Schettino M T, Datol E, Rossi C, Panariello A, Vascone C, Coppola G, Iervolino S A, Assisi D D, Mainini G, Torella M
Clin Exp Obstet Gynecol. 2015;42(3):321-6.
Perineal ultrasound has not yet been adequately evaluated in relation to the diagnosis of anatomical descensus of pelvic organs. Therefore, the aim of the present study was to assess whether it is possible to carry out a topographical comparison between bladders in normal seat and prolapsed ones and to quantify the extent of descensus.
The authors selected 140 women, divided into three groups (two control groups and one case group). All patients underwent urogynaecological examination, according to the Pelvic Organ Prolapse Quantification (POP-Q), and perineal ultrasound to evaluate pubo-bladder distance.

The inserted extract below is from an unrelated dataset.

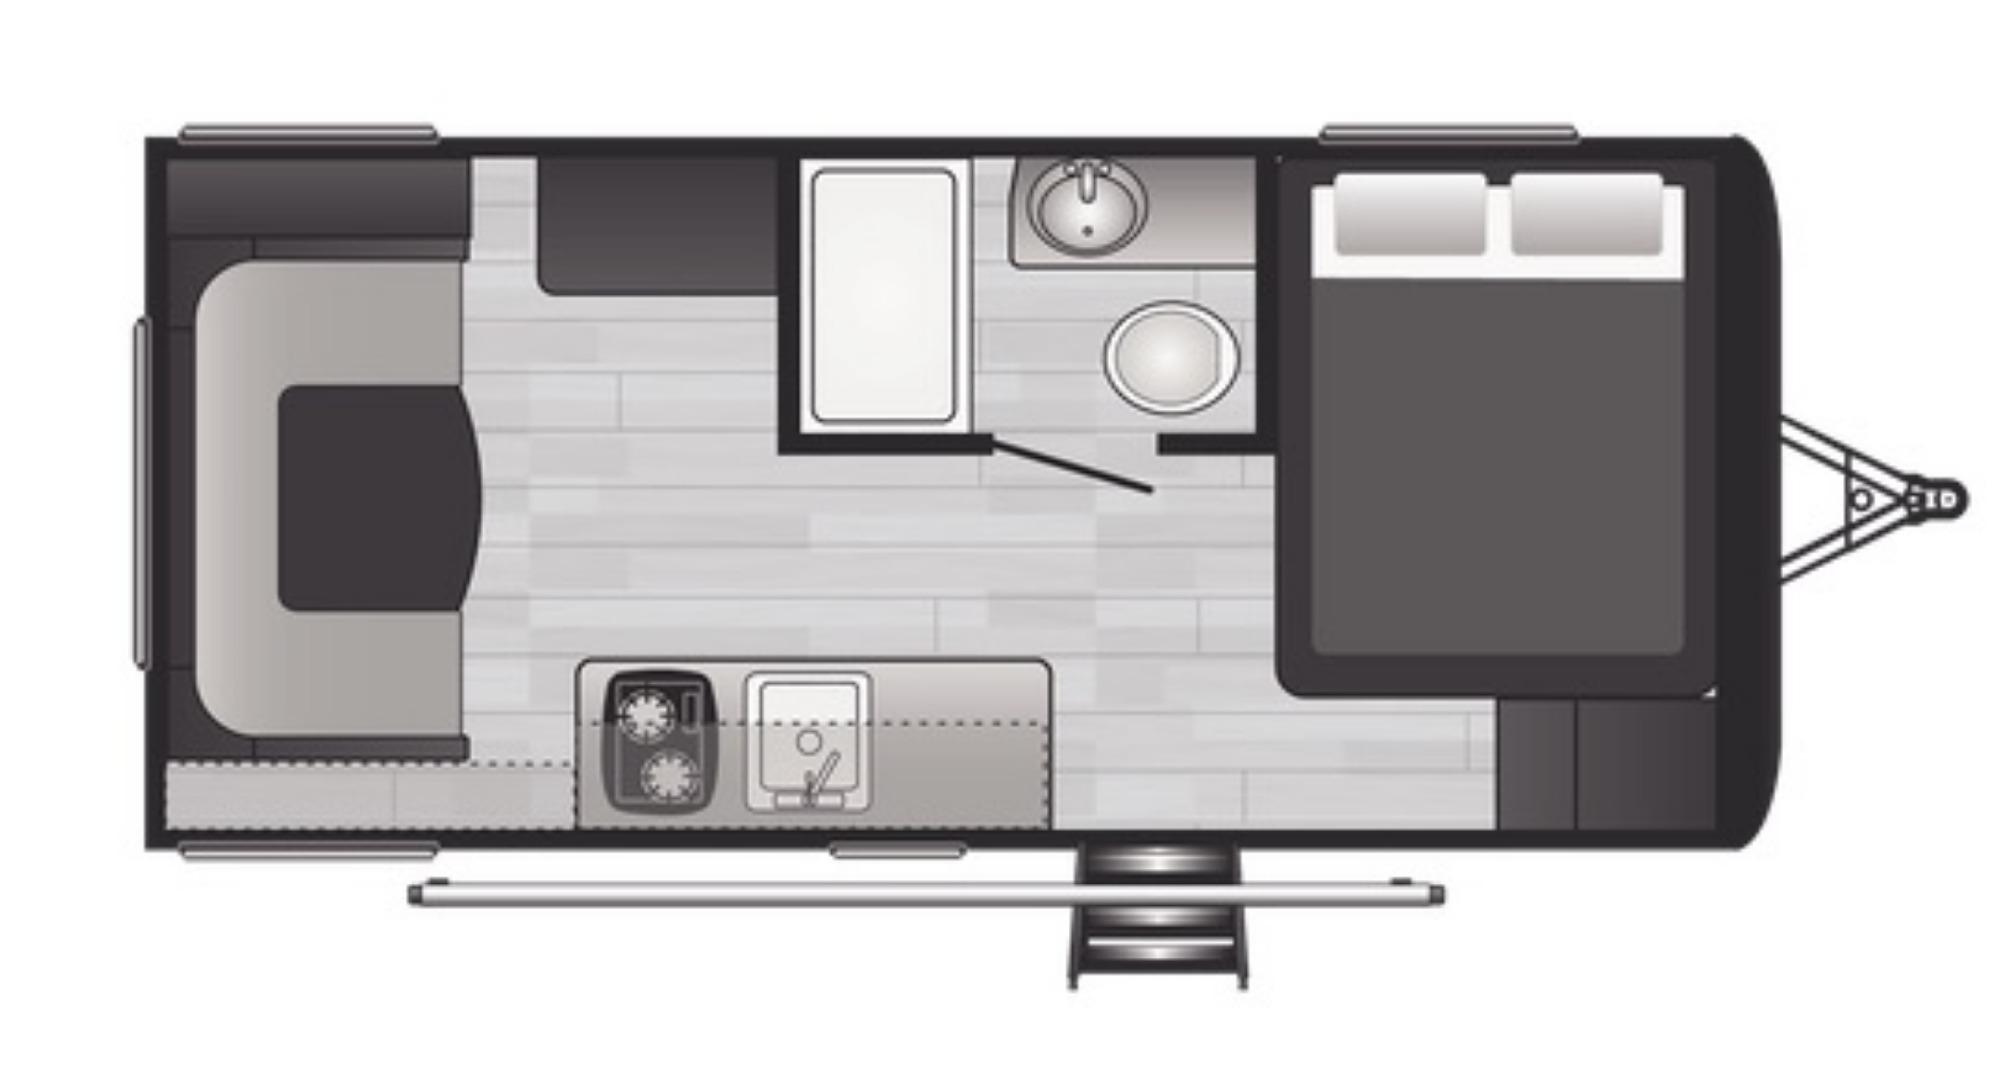 View Floor Plan for 2022 KEYSTONE HIDEOUT 177RD

Considering the data recorded in the two control groups, the authors established the physiological pubo-bladder distance between 27-33 mm at rest and 25-30 mm under stress. In the group with cystocele, the pubo-bladder distance was significantly lower: 20 mm at rest and three mm under stress (mean value). The authors also performed a classification of ultrasound cystocele in four stages, in accordance with clinical staging.
In conclusion, the present data show the excellent potential role of perineal ultrasound in the diagnosis of cystocele, but it is necessary to perform randomized studies to standardize the method.
关于盆腔器官解剖性脱垂的诊断,会阴超声尚未得到充分评估。因此,本研究的目的是评估是否能够对正常坐姿和脱垂状态下的膀胱进行地形学比较,并量化脱垂程度。
作者选取了140名女性,分为三组(两个对照组和一个病例组)。所有患者均根据盆腔器官脱垂量化分期系统(POP-Q)接受了泌尿妇科检查,并进行了会阴超声检查以评估耻骨 - 膀胱距离。
考虑到两个对照组记录的数据,作者确定静息状态下生理耻骨 - 膀胱距离为27 - 33毫米,用力状态下为25 - 30毫米。在膀胱膨出组中,耻骨 - 膀胱距离显著更低:静息时为20毫米,用力时为3毫米(平均值)。作者还根据临床分期对超声膀胱膨出进行了四期分类。
总之,目前的数据表明会阴超声在膀胱膨出诊断中具有出色的潜在作用,但有必要进行随机研究以使该方法标准化。